Vibration Monitoring Quantities

Question:

Dear Sir,

My name is *******, a Civil Engineer, part of my job is Monitoring the Vibration on the structures using sensors. I have some query on the relation between the "peak particle velocity" and "amplitude". I am just wondering is there any relation or formulae to find out the amplitude from the Peak Particle Velocity measurement? I would greatly appreciate, if you could advise me.

Answer:

Structural vibration monitors typically measure instantaneous acceleration by means of some sort of inertial sensor and integrate that data over time to produce a velocity signal. Integrating the velocity signal over time produces a displacement signal. One half the difference between the maximum and minimum displacement is taken to be the amplitude.

I am a bit confused by your "particle velocity" terminology. The velocity measured as I described above is not the velocity of the individual atoms or molecules of the structure but the velocity of the center of mass of that part of the structure to which the vibration sensor is attached.

Assuming that we are talking about the sort of vibration monitoring I described, the relationship between peak velocity and amplitude is not given by a simple formula.

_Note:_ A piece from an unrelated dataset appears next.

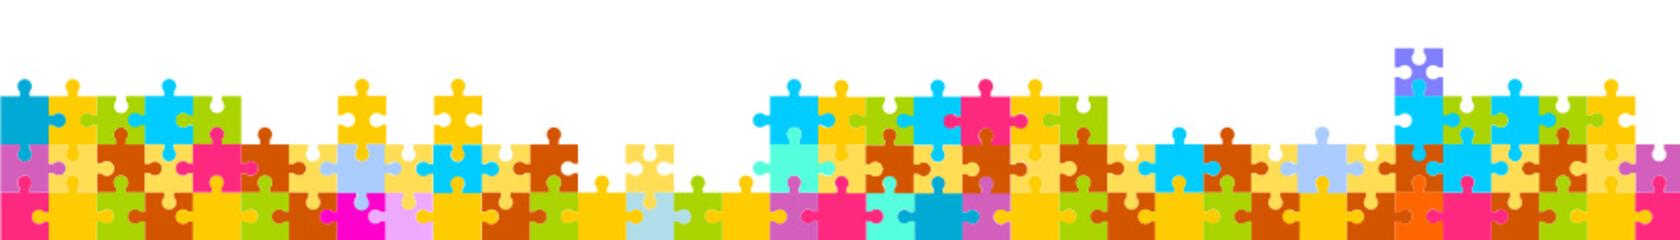 puzzle banner panorama bunt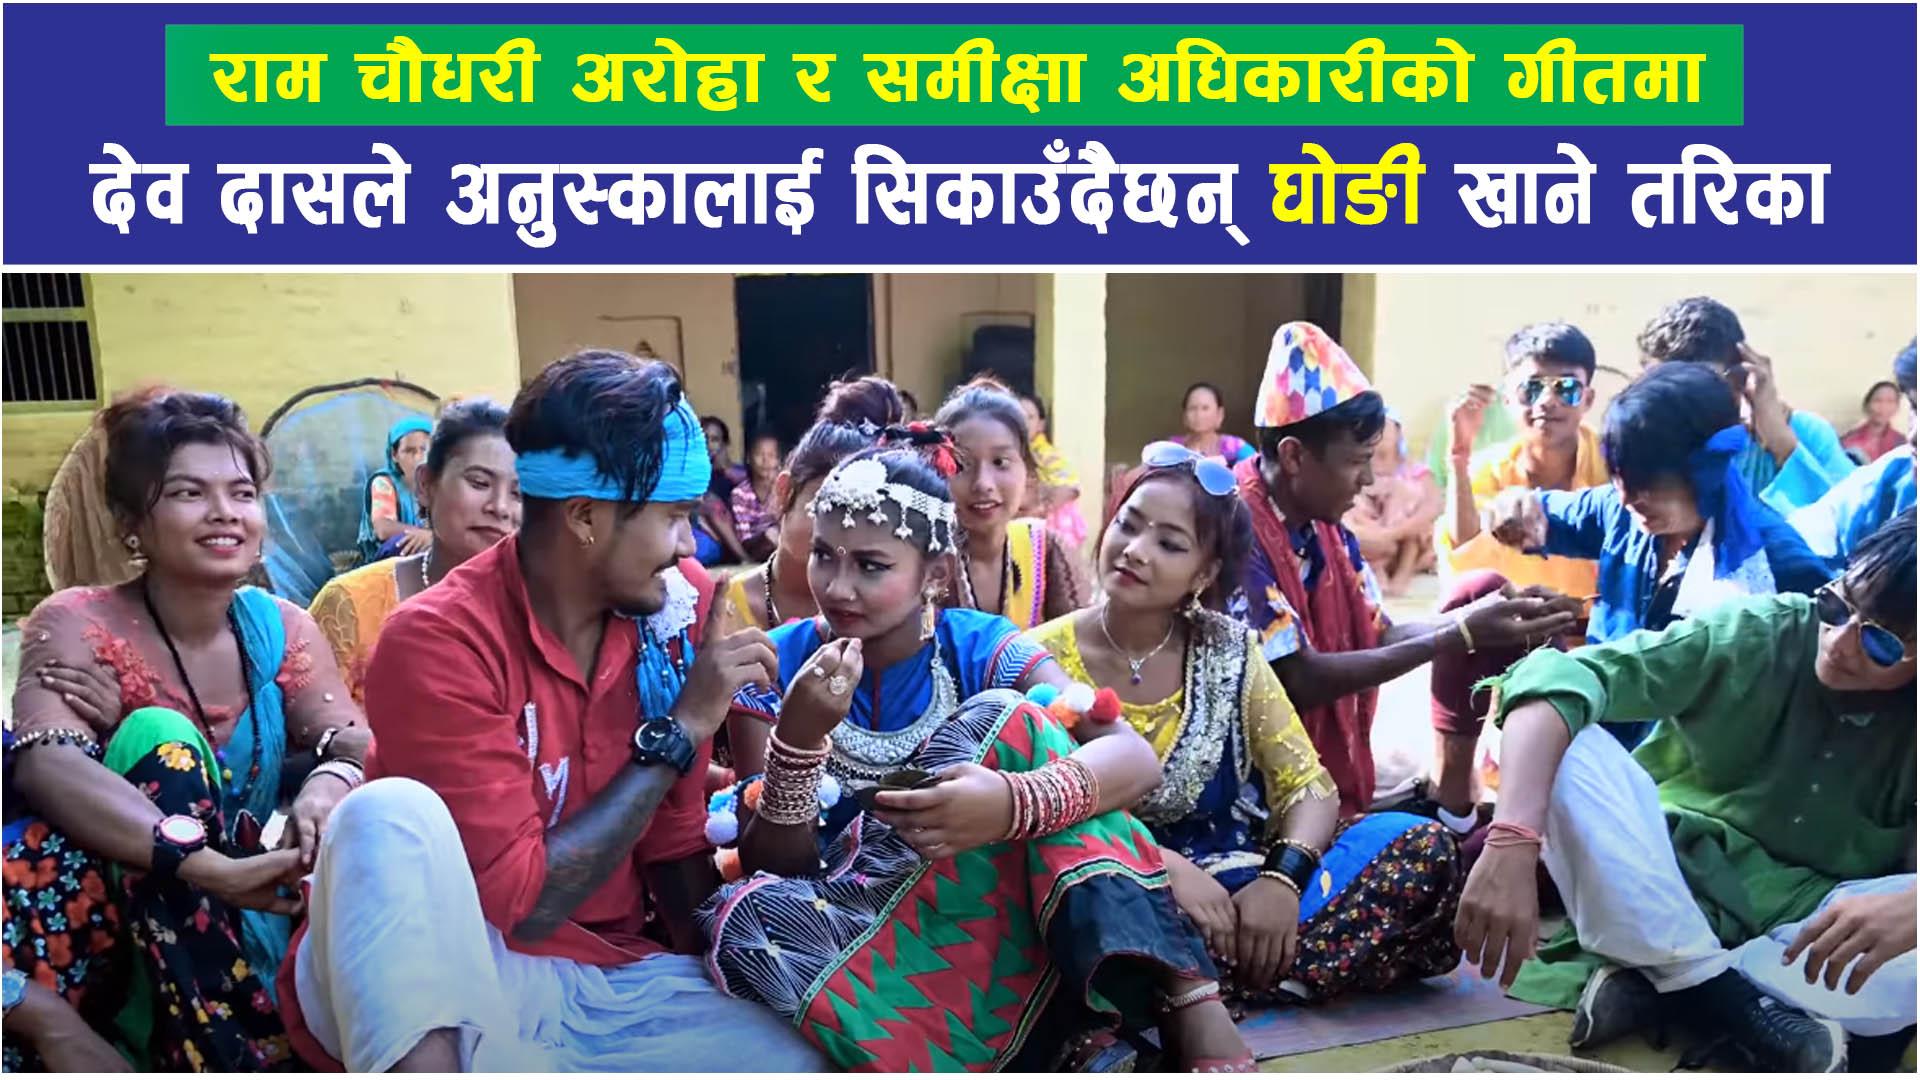 राम अरोहा र समीक्षा अधिकारीको गीतमा देवदाससँग अनुस्का सिक्दैछन् घोङी खाने तरिका

Even if the motion of the structure was simple harmonic motion, we would have to know the magnitude of the restoring force to make the connection between peak velocity and displacement. In that case you could equate the kinetic energy at the peak velocity to a potential energy as the peak displacement and solve for amplitude. In real structures, the motion is much more complex than simple harmonic motion and restoring forces tend to be non-linear. This real world complexity defeats any attempt at simple mathematical analysis.

Some vibration monitors offer the option of reading out amplitude, as well as velocity and acceleration, using the integrating technique I described above. The Bently Nevada corporation issues a little publication called "Orbit" in which they include bits of theory in their commercial message. Perhaps you would find more information there.

If you can get a graphical printout of velocity vs time from your monitoring equipment, you can do the integration yourself in a crude way by dividing the plot up into time slices and physically measuring the area under the curve. A plot of the area vs time will approximate the displacement function, revealing the peaks which are the amplitude.